On Thu, Jan 02, 2003 at 03:21:56PM -0800, Nate Campi wrote:
On Thu, Jan 02, 2003 at 10:43:45AM +0100, Balazs Scheidler wrote:
the problem is ctlds sends a space in the program name tag, thus syslog-ng interprets 'ctlds' as hostname and '6.0' as program name. as keep_hostname() is set to no it rewrites originating host name.
Try setting keep_hostname() to yes, it will not touch the hostname then.
Right but "ctlds" isn't the hostname, larry is. My logs are wrong either way - I either lose half my program name or get the wrong hostname. Either way I lose.

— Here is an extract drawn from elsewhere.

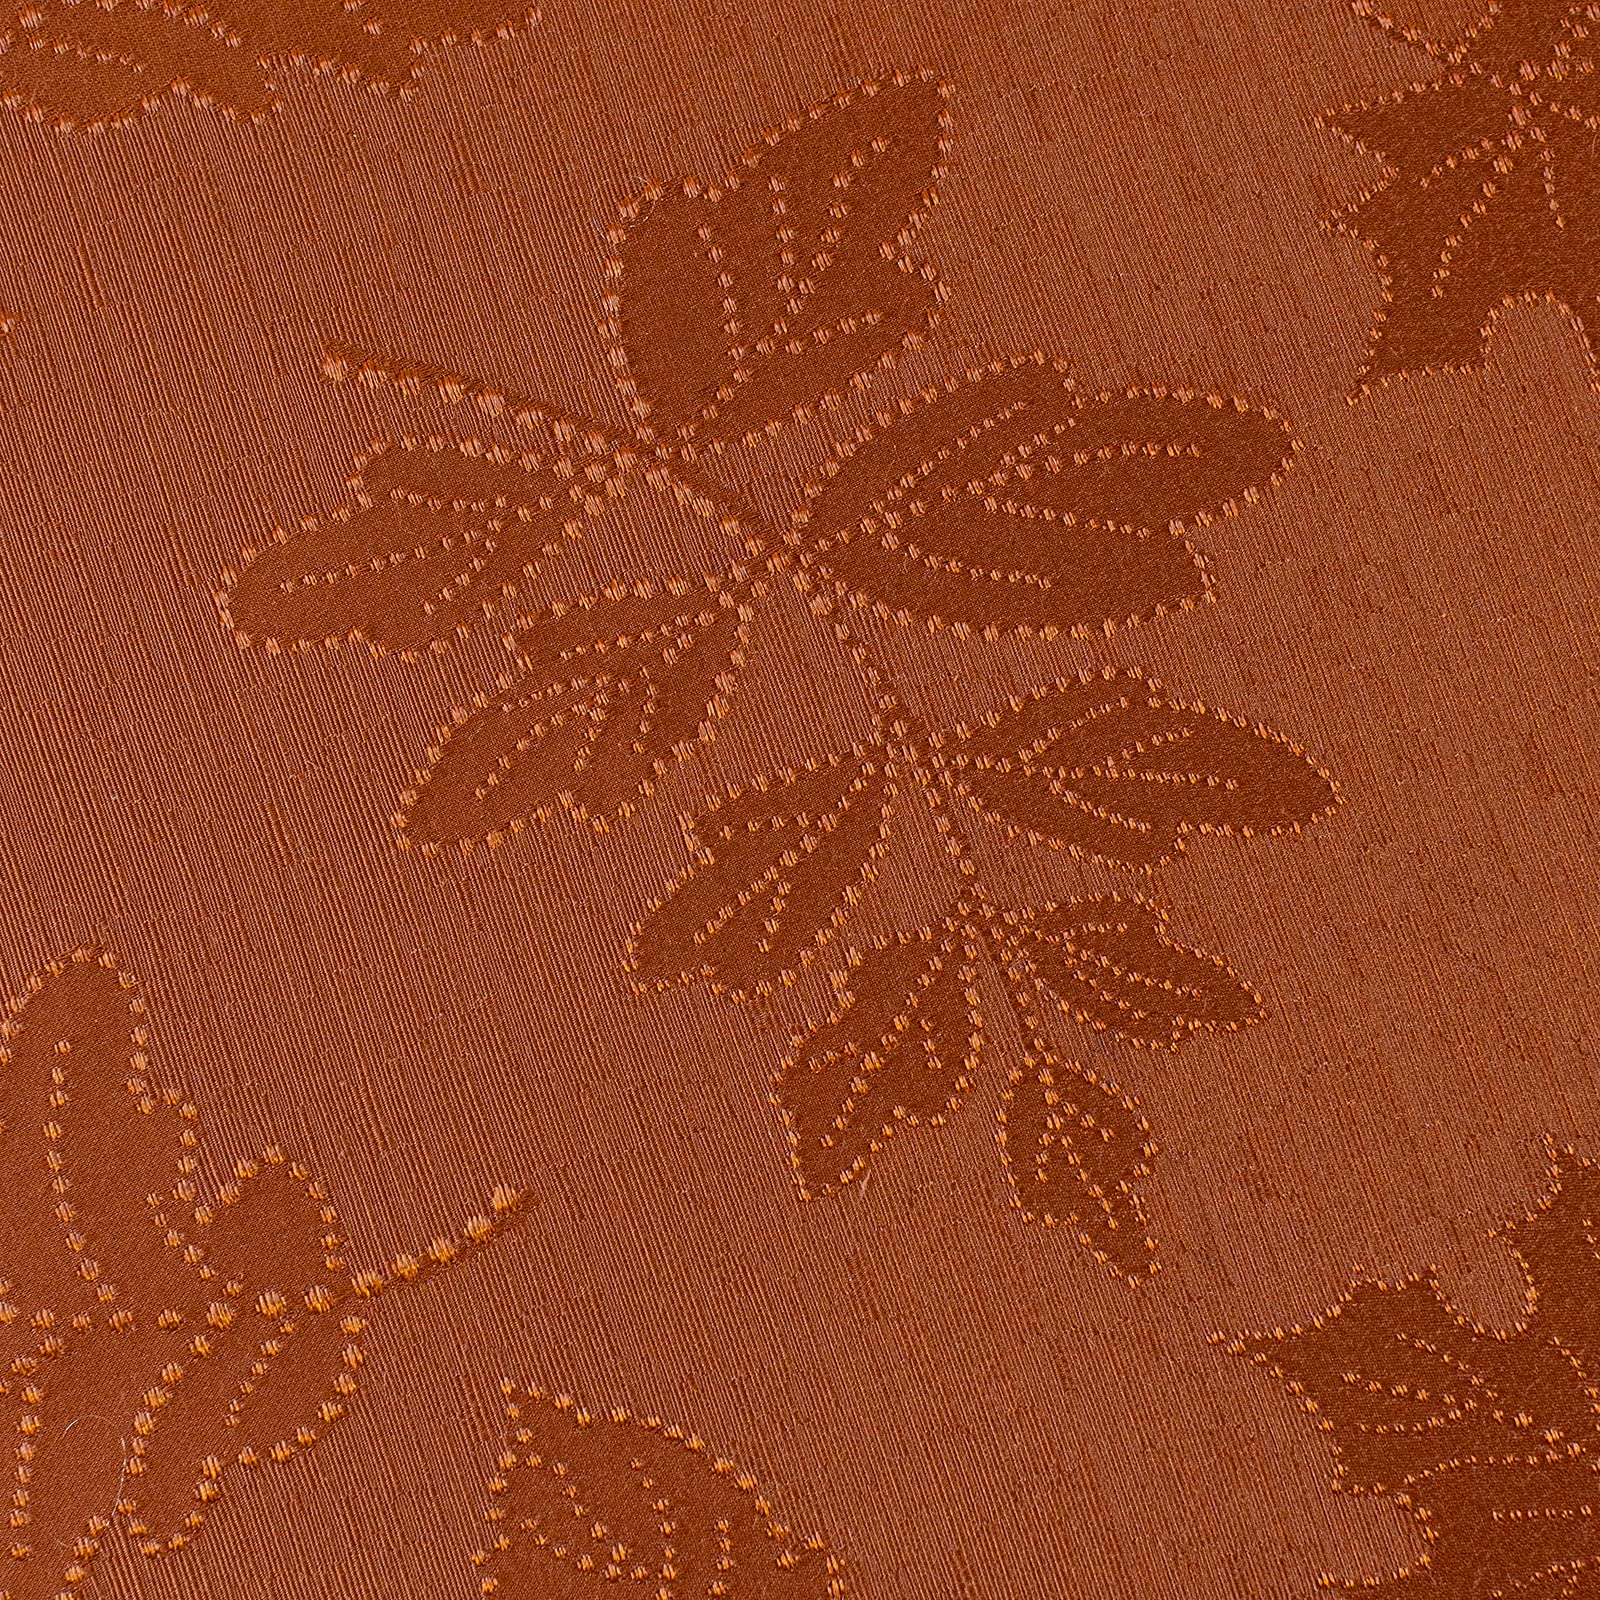 Benson Mills Harvest Legacy Damask Fabric Table Cloth Fall, Harvest, and Thanksgiving Tablecloth (Rust/Burnt Orange, 60" x 84" Rectangular)

Arg, I actually wrote my own syslog daemon to relay and rewrite all these last year. The only way to fix this with syslog-ng would be to add a feature like
options { bad_hostnames("ctlds","last"); };
When syslog-ng sees either of these:
Jan 2 15:06:47 ctlds 6.0[11718]: [0] Request error (500): Template processing error Jan 2 15:06:47 last message repeated 123 times
It knows to actually shift the message over one place to the right and stick the value of the $FULLHOST_FROM macro in there. Even if I tried templating out the message on my own syslog-ng will still think that "ctlds" or "last" isn't part of the message and it'll get lost.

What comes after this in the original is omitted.